* Assignment: Return all the data exactly, keeping the pictures out.

* Collected material:
──────────

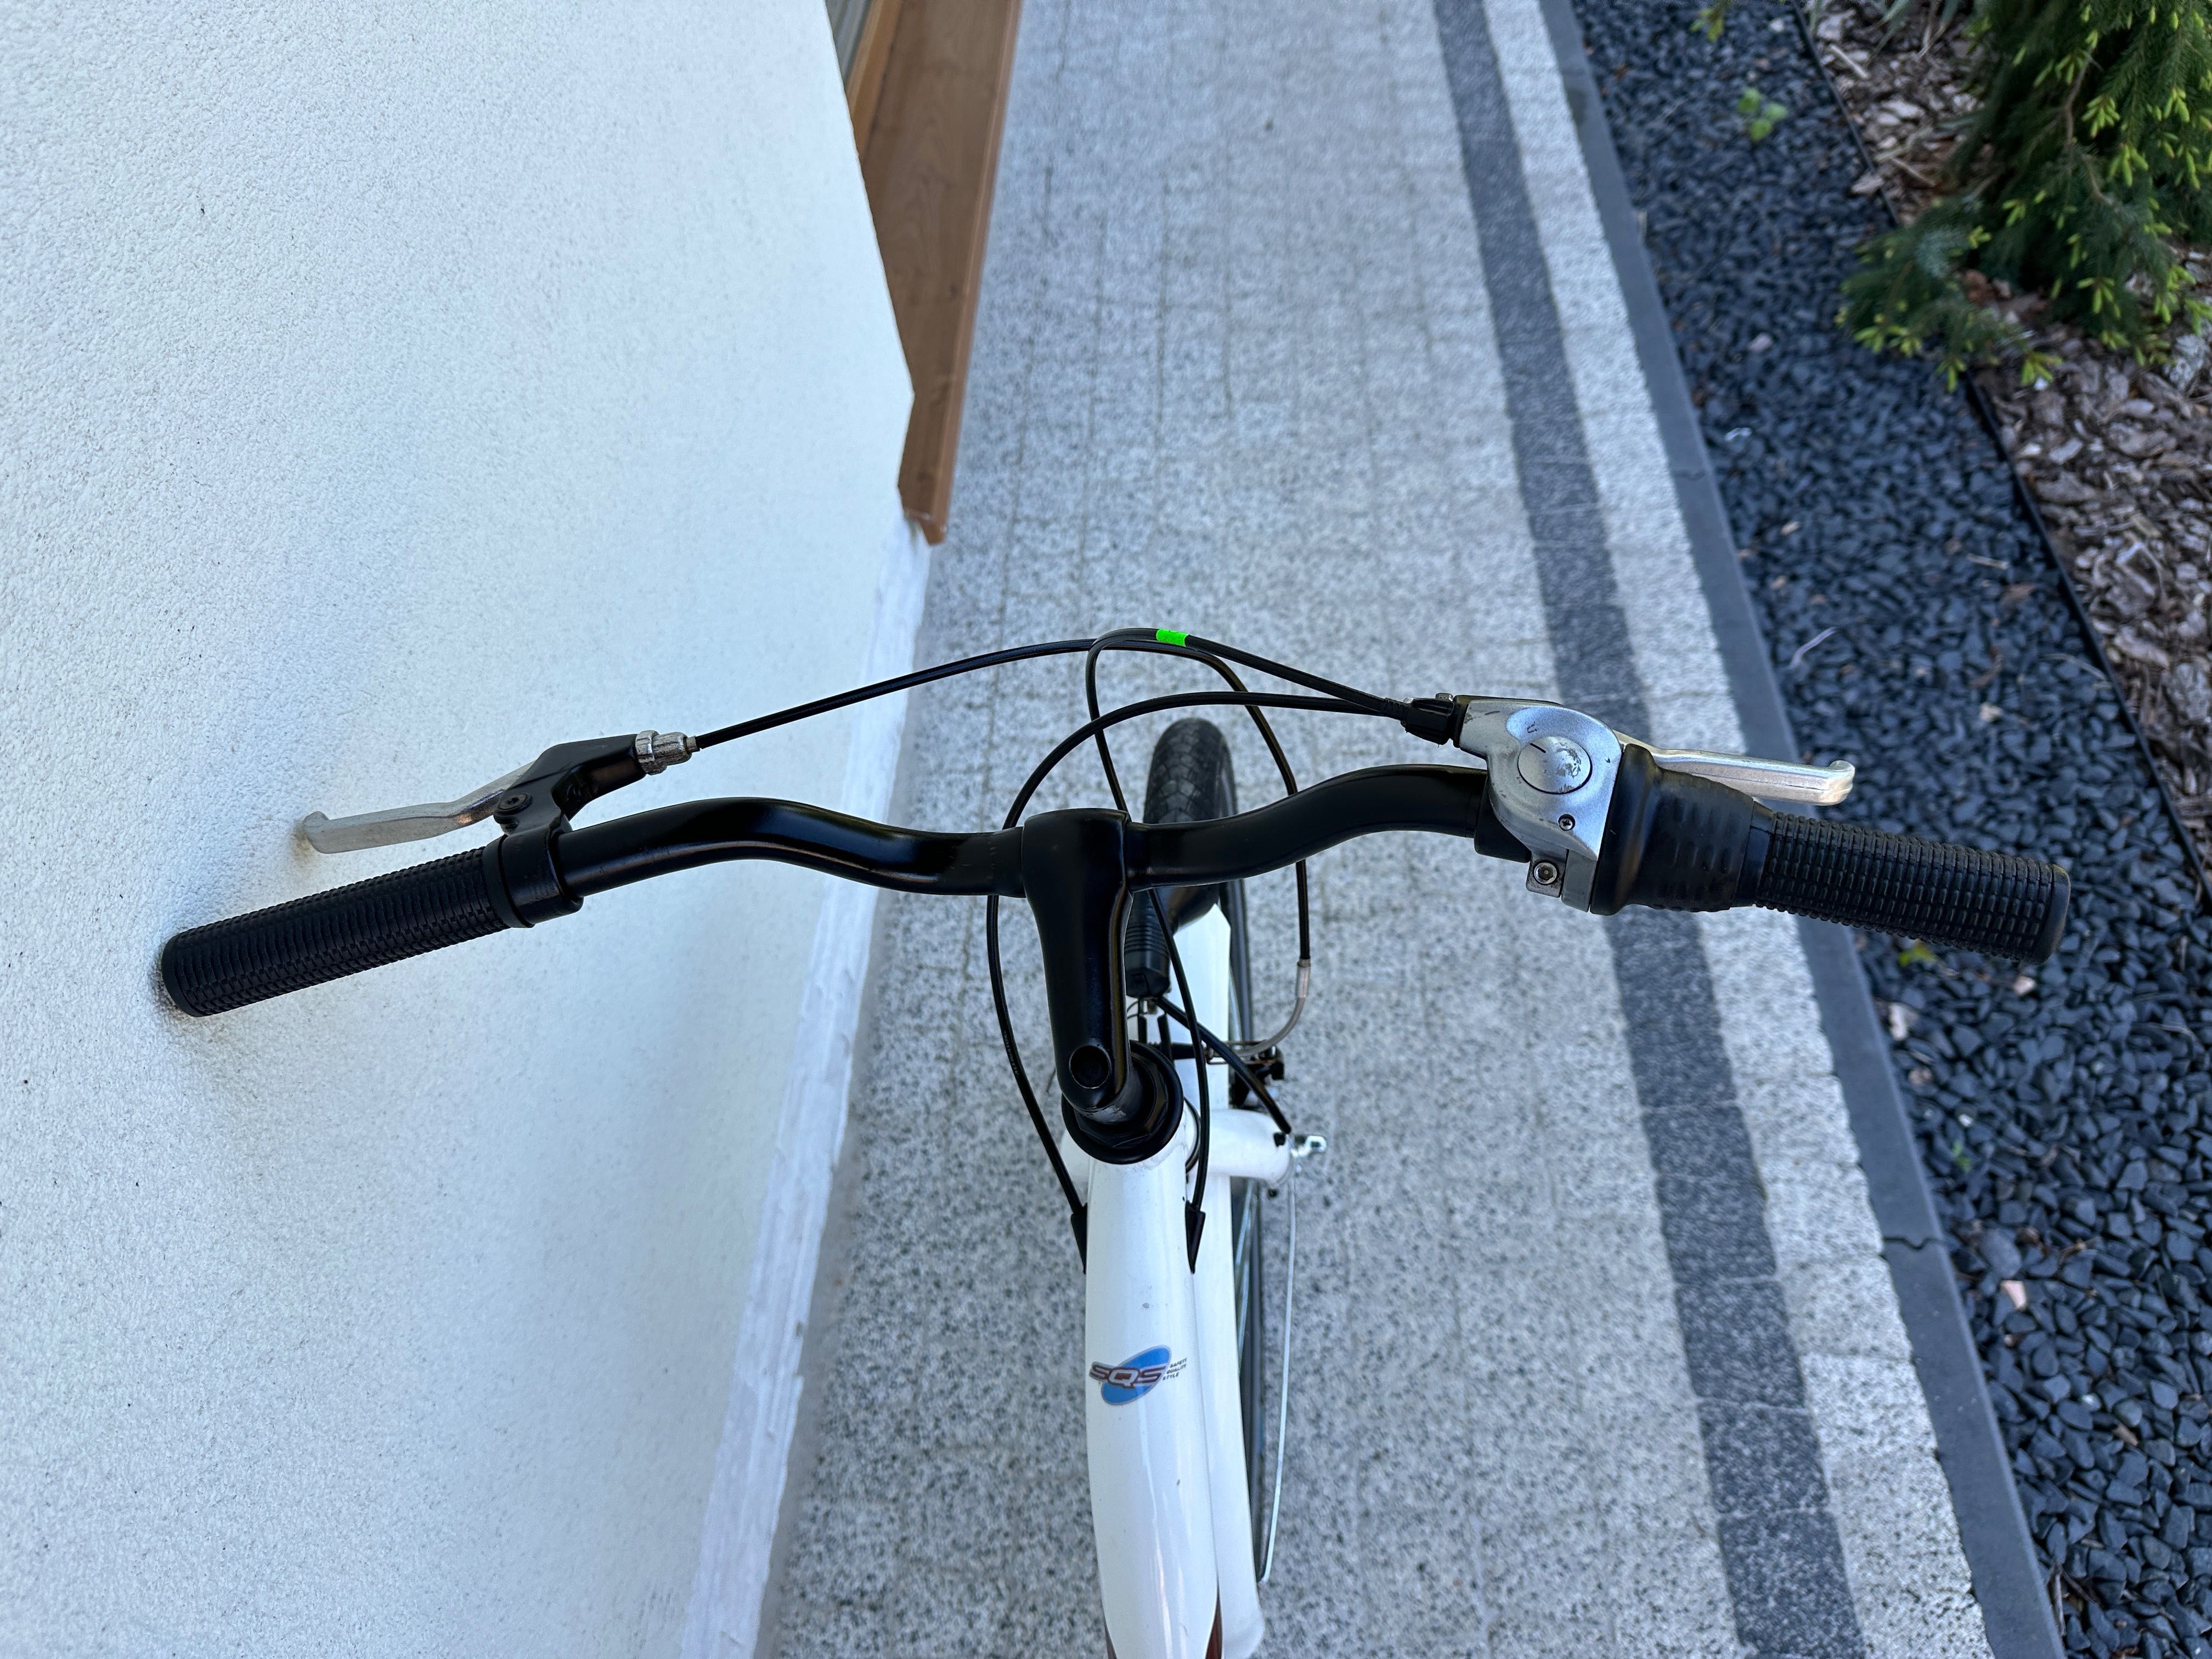 Rower SCOOLBIKE - koła 24, aluminiowy, Nexus 7b, kontra, prądnica
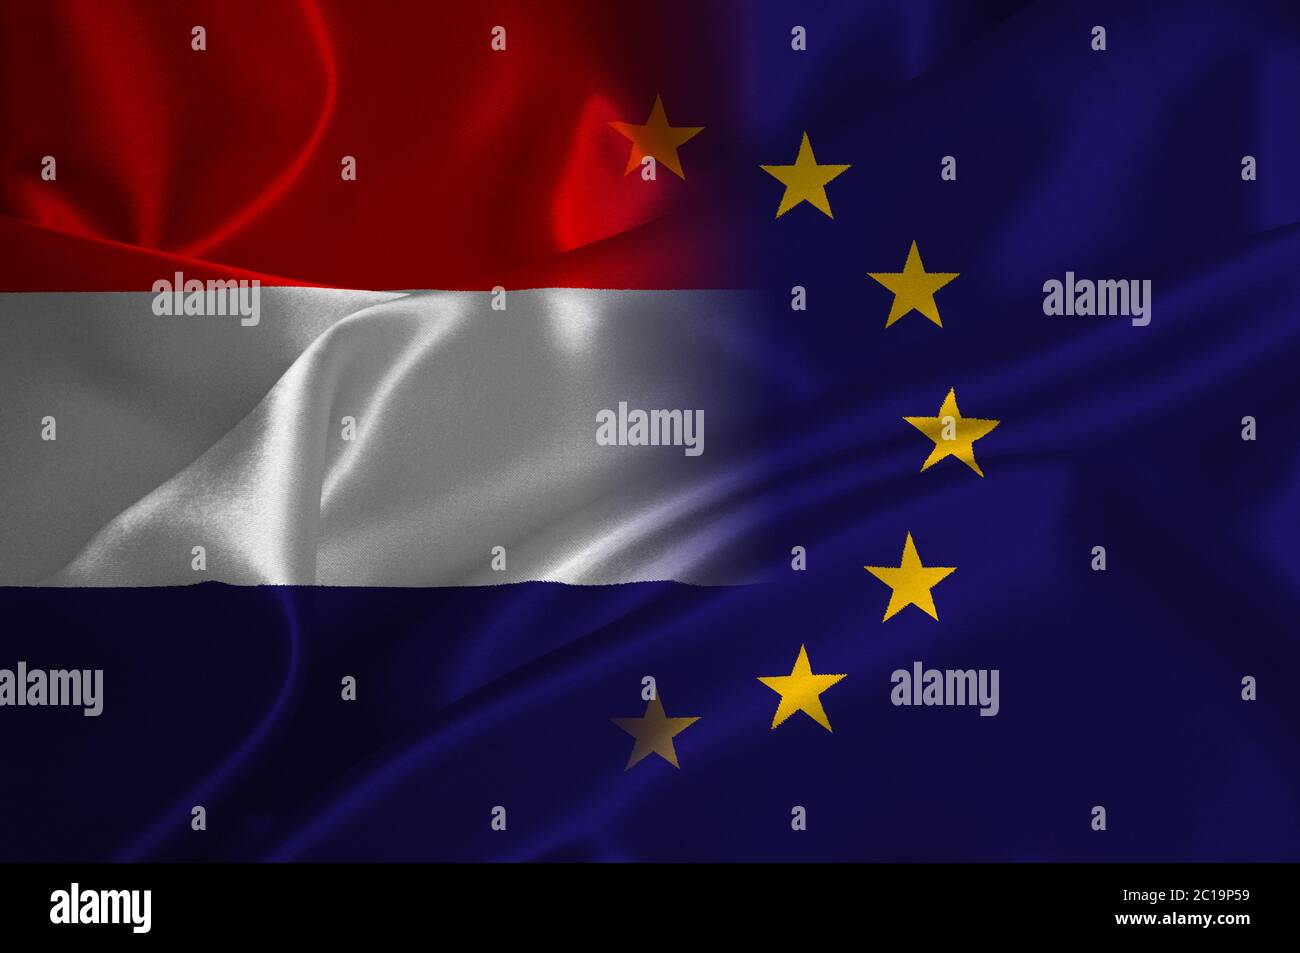 EU flag and Holland flag on satin texture Stock Photo
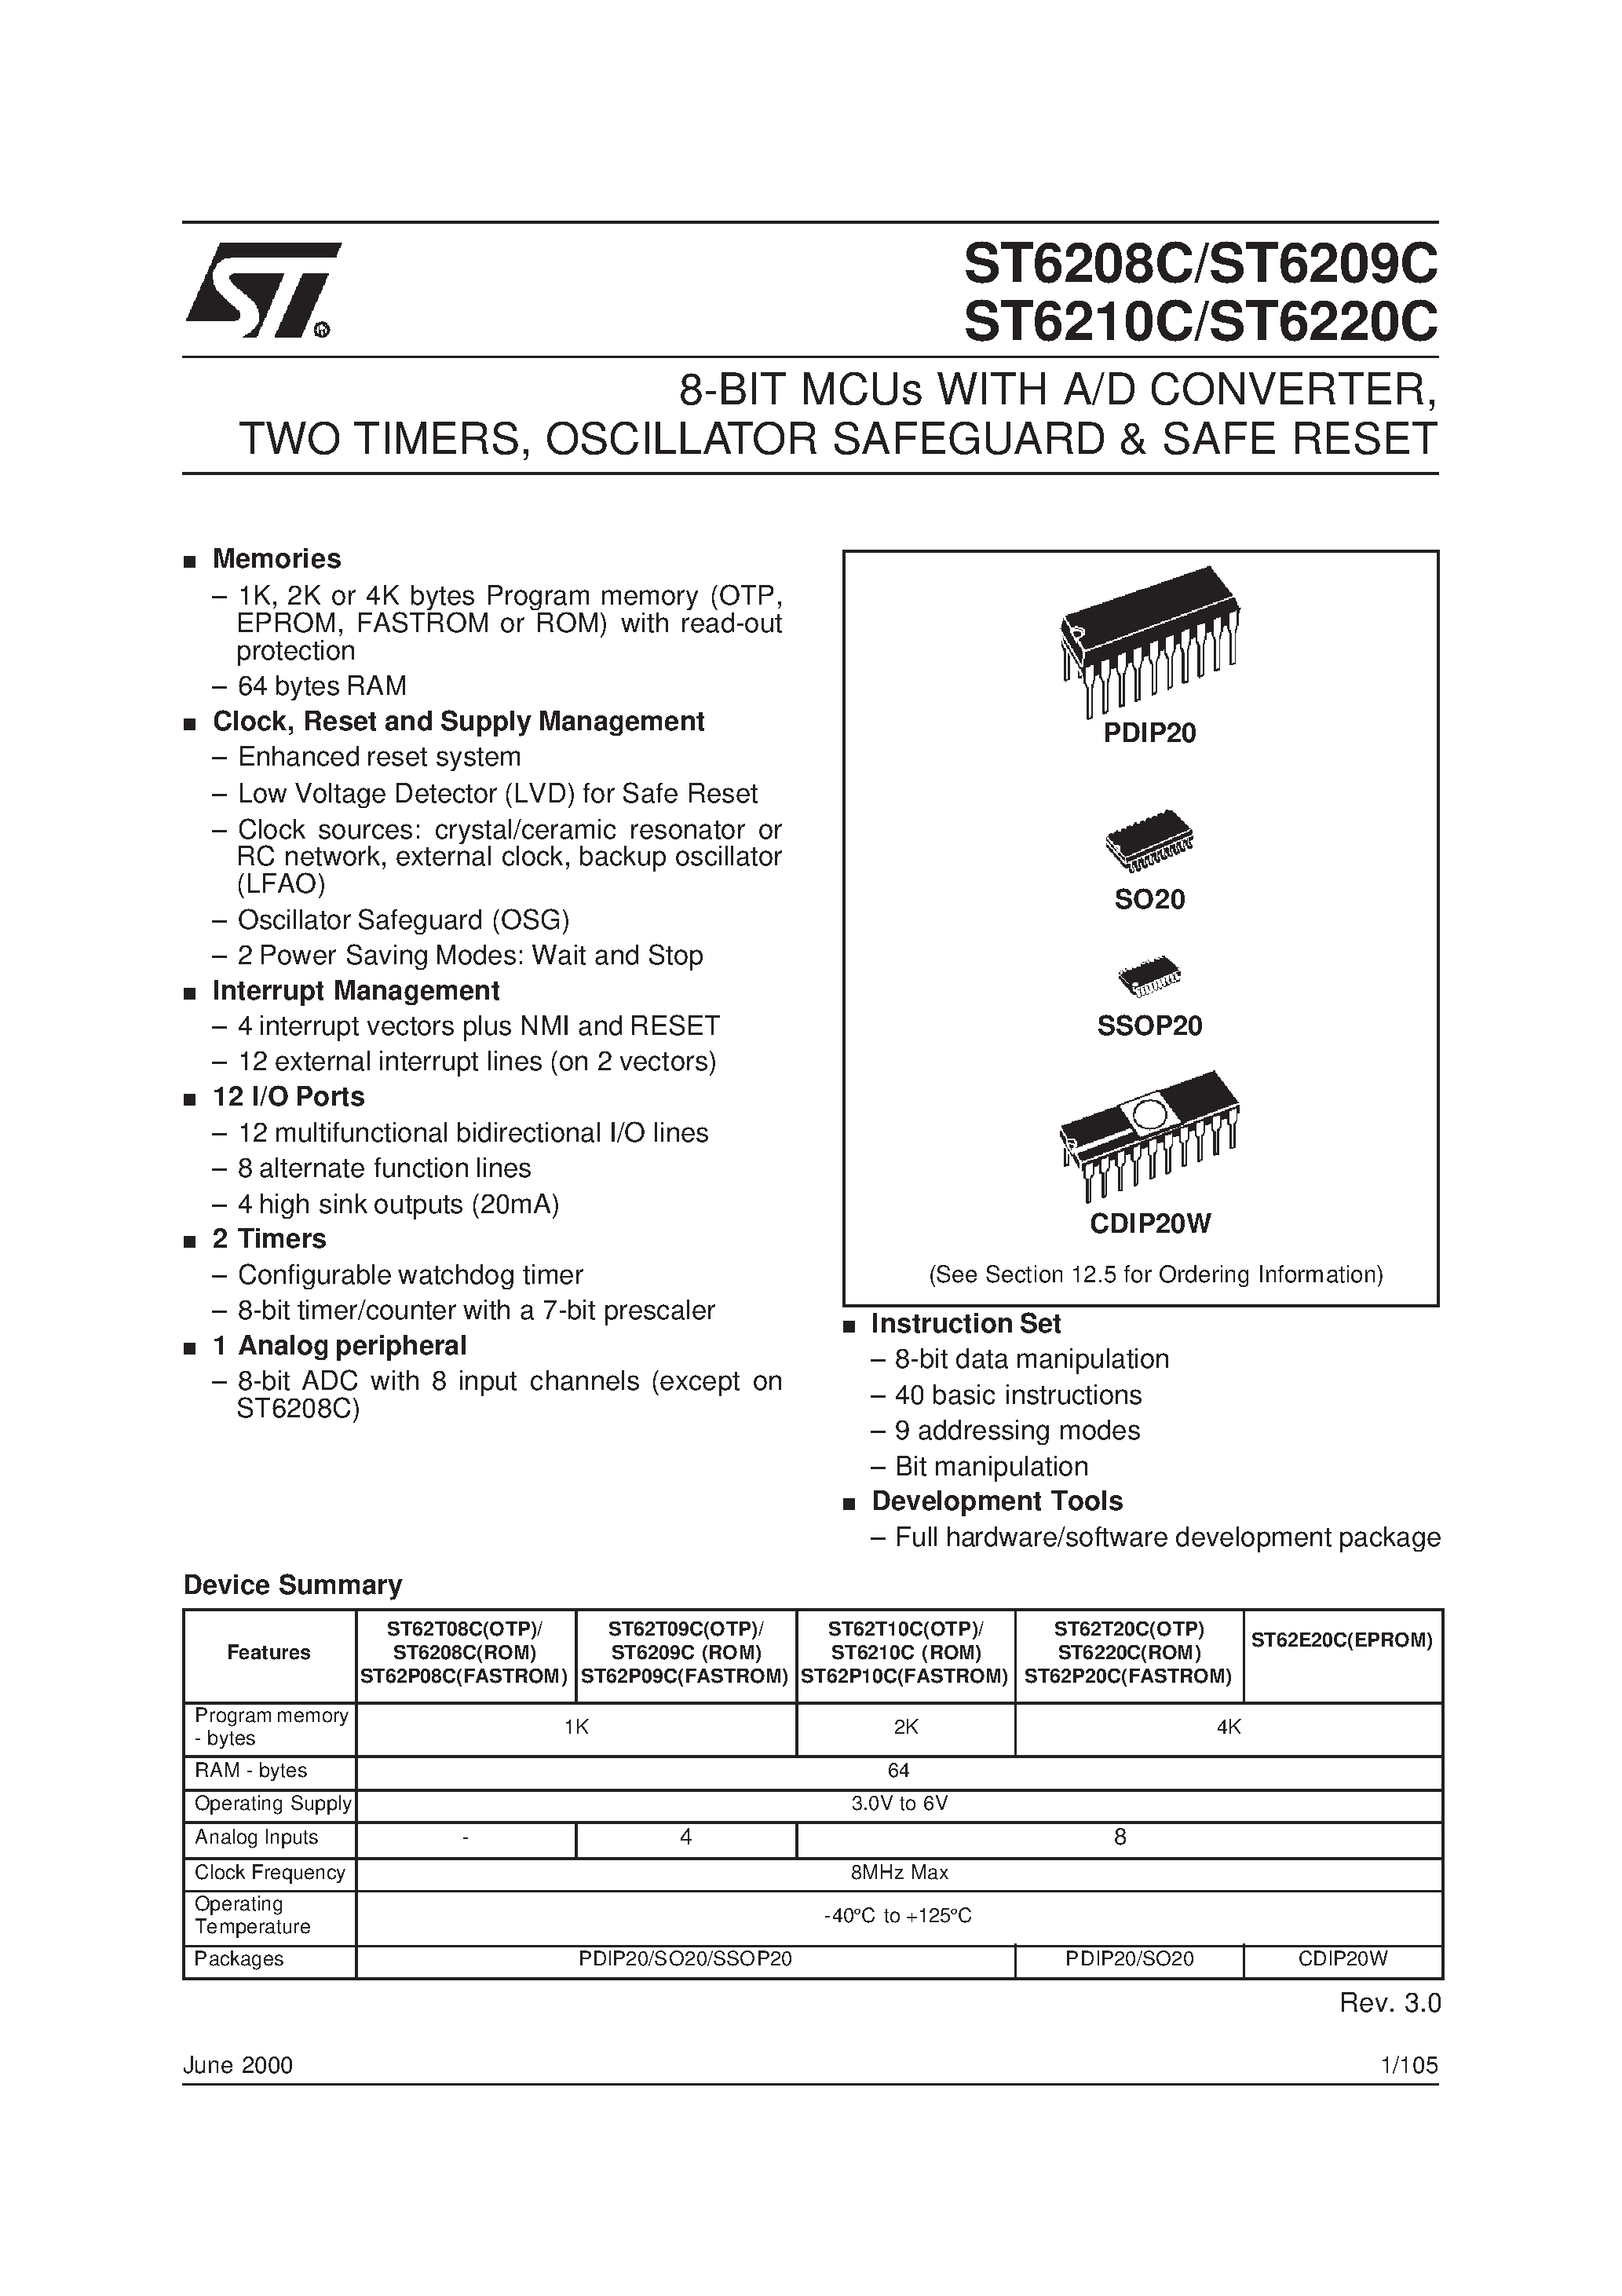 Datasheet ST6208C - (ST6208C - ST6220C) 8-BIT MCUs WITH A/D CONVERTER page 1

──────────

* Answer section:
 Rower SCOOLBIKE - koła 24, aluminiowy, Nexus 7b, kontra, prądnica
 EU flag and Holland flag on satin texture Stock Photo
 Datasheet ST6208C - (ST6208C - ST6220C) 8-BIT MCUs WITH A/D CONVERTER page 1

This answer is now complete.